“Una risata vi seppellirà”, recita una massima latina, mutuata nella più moderna espressione “morire dal ridere”. Personalmente, preferisco pensare che una risata allunghi la vita. Che nel momento del riso, un riso autentico, liberatorio, veritiero, la morte si riduca a uno spauracchio lontano, innocuo, depotenziato dalla forza trascinante della vita che esplode in una risata.
“Una risata vi renderà immortali”, dico io. Lo sapeva bene Massimo Troisi. Nato per ridere e per far ridere, Massimo Troisi sapeva incantare il suo pubblico con la spontaneità del suo dialetto strascicato, dei suoi gesti e delle smorfie accentuate, figlie di una napoletanità antica, non ancora corrotta dalla sguaiatezza di modi e dalla volgarità della mentalità camorristica, con la semplicità dei suoi disarmanti sillogismi, che senza pretese riuscivano a far ridere con una – e di una – normalità senza eccessi.

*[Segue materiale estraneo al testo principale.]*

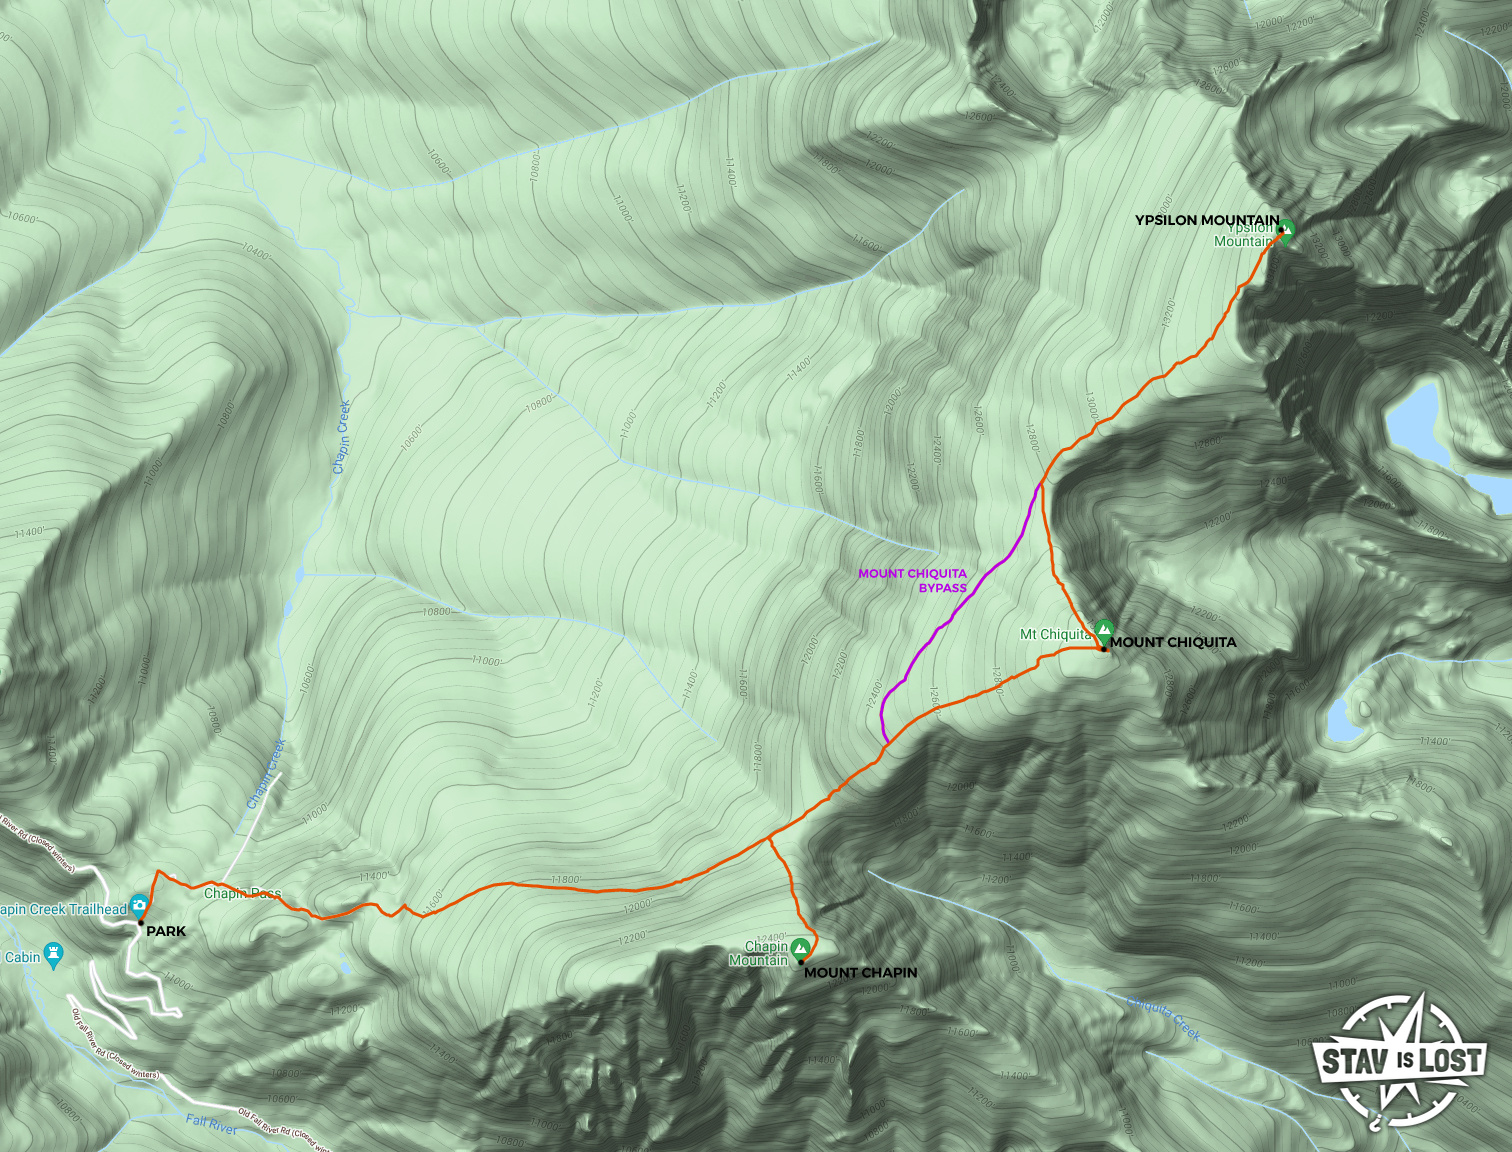 map for Mount Chapin, Mount Chiquita, Ypsilon Mountain by stav is lost

Massimo Troisi era un uomo normale, con l’eccezionale capacità di guardare al mondo senza filtri, da una prospettiva umile, bassa ma non per questo banale, coglierne l’assurdità e riderci su – anche se con un velo di malinconia: sfumata l’immediata reazione goliardica, quella comicità insita nella sua stessa visione del mondo lascia lo spettatore a riflettere, sulle labbra un sorriso (amaro?) che viene dopo il riso liberatorio e genera presa di coscienza, meditazione, consapevolezza.
Uno sguardo semplice e acuto insieme, malinconico ma leggiadro, posato su una realtà che a ben guardare è molto più lineare di quanto possa sembrare a chi è invece abituato ad abbandonarsi alla tentazione dell’interpretazione, dell’elucubrazione, della deduzione compulsiva. Niente di tutto questo appartiene all’essenza dell’uomo – che poi è lo stesso dire attore e regista – Massimo Troisi: le cose stanno come stanno, e spesso sono molto più semplici da capire di quanto si creda. Massimo lo sapeva bene, lui che era cresciuto in un paesello di provincia, quando la periferia napoletana era davvero periferica, stretto in un lembo di terra tra il mare e il vulcano, stipato in un appartamento di un palazzone pericolante insieme a una famiglia di altre diciassette persone. Una ristrettezza fisica che si è tradotta in un’ampiezza di vedute, che tuttavia mantiene quel tocco naif della semplice immediatezza di modi di vivere e pensare, e che senza perdersi in sofisticate speculazioni filosofiche conserva tutta la forza di una verità diretta, primordiale, universalmente condivisibile. Che scardina stupide convenzioni e ridicole ossessioni moderne, ridimensionando tutto a una profondità più autentica. Che fa ridere, per quanto è facile. Che quando la senti investirti in piena faccia con tutta la sua potenza rivelatrice ti verrebbe quasi da dire: “ah, come mai non ci ho pensato prima!”. Eppure non ci ha pensato nessuno prima di Massimo.
Forse Totò, forse Eduardo, precursori di quello stesso stile di comicità cui Massimo Troisi è stato paragonato, con grande vergogna per loro, come amava ripetere lui stesso: e anche in questo caso la sua umiltà aveva colto nel segno. Perché, se è vero che il Principe Totò e il maestro De Filippo restano due mostri sacri del teatro napoletano, c’è da dire anche che sono altre le tematiche permeano la loro comicità, nata in epoche forse ancora più disgraziate, e forse proprio per questo maggiormente impregnate (“contagiate”, se vogliamo) da influssi sociali e culturali che mancano invece nella poetica di Troisi, completamente scevra da qualunque tipo di contaminazione. Il suo modo di vedere il mondo era unico. Come disse anche Roberto Benigni: “Morto un Troisi non se ne fa un altro”.
Massimo Troisi continua anche da morto a farci ridere con quel suo modo un po’ rassegnato di prendere la vita con filosofia, che non passa mai di moda. Perché la vita questa è: assurda, incomprensibile, effimera bellezza. E se le cose non si possono cambiare, tanto vale salvare il salvabile. Ricominciare da tre. E soprattutto, non perdere la grazia di riderci su. Sarà proprio quella risata che darà un senso all’esistenza. E ci renderà immortali.